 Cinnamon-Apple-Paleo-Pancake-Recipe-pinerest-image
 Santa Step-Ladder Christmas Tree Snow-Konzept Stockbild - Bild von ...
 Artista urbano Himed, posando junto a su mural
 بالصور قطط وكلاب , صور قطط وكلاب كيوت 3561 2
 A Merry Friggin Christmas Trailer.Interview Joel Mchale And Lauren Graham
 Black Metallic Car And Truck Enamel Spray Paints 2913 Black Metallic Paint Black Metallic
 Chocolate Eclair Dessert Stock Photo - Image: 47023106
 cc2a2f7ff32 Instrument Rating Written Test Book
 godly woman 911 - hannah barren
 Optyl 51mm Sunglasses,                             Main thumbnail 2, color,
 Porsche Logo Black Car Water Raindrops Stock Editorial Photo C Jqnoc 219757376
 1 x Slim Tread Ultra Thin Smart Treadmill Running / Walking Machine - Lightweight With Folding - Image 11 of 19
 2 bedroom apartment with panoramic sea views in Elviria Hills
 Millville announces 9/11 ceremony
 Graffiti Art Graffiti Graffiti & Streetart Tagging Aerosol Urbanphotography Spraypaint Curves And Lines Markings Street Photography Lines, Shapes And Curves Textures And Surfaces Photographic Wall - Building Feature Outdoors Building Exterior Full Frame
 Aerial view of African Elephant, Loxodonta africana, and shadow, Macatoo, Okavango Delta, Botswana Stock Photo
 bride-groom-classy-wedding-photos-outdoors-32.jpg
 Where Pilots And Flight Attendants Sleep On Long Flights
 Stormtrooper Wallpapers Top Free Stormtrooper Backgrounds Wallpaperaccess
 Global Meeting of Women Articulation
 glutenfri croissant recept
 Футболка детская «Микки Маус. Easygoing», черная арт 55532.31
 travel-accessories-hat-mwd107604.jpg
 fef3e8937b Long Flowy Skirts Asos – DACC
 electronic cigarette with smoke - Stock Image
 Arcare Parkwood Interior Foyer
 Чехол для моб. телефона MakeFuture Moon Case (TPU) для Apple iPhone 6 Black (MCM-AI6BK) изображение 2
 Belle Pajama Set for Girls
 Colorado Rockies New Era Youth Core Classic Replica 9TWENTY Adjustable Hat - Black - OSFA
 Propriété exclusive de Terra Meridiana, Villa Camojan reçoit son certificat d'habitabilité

★ ★ ★ ★ ★ ★ ★

* [Task description] Take the lines from the one containing "bride-groom-classy-wedding-photos-outdoors-32.jpg" through the final line of the entries above, and set them down exactly, with nothing added.

* [Task result]
 bride-groom-classy-wedding-photos-outdoors-32.jpg
 Where Pilots And Flight Attendants Sleep On Long Flights
 Stormtrooper Wallpapers Top Free Stormtrooper Backgrounds Wallpaperaccess
 Global Meeting of Women Articulation
 glutenfri croissant recept
 Футболка детская «Микки Маус. Easygoing», черная арт 55532.31
 travel-accessories-hat-mwd107604.jpg
 fef3e8937b Long Flowy Skirts Asos – DACC
 electronic cigarette with smoke - Stock Image
 Arcare Parkwood Interior Foyer
 Чехол для моб. телефона MakeFuture Moon Case (TPU) для Apple iPhone 6 Black (MCM-AI6BK) изображение 2
 Belle Pajama Set for Girls
 Colorado Rockies New Era Youth Core Classic Replica 9TWENTY Adjustable Hat - Black - OSFA
 Propriété exclusive de Terra Meridiana, Villa Camojan reçoit son certificat d'habitabilité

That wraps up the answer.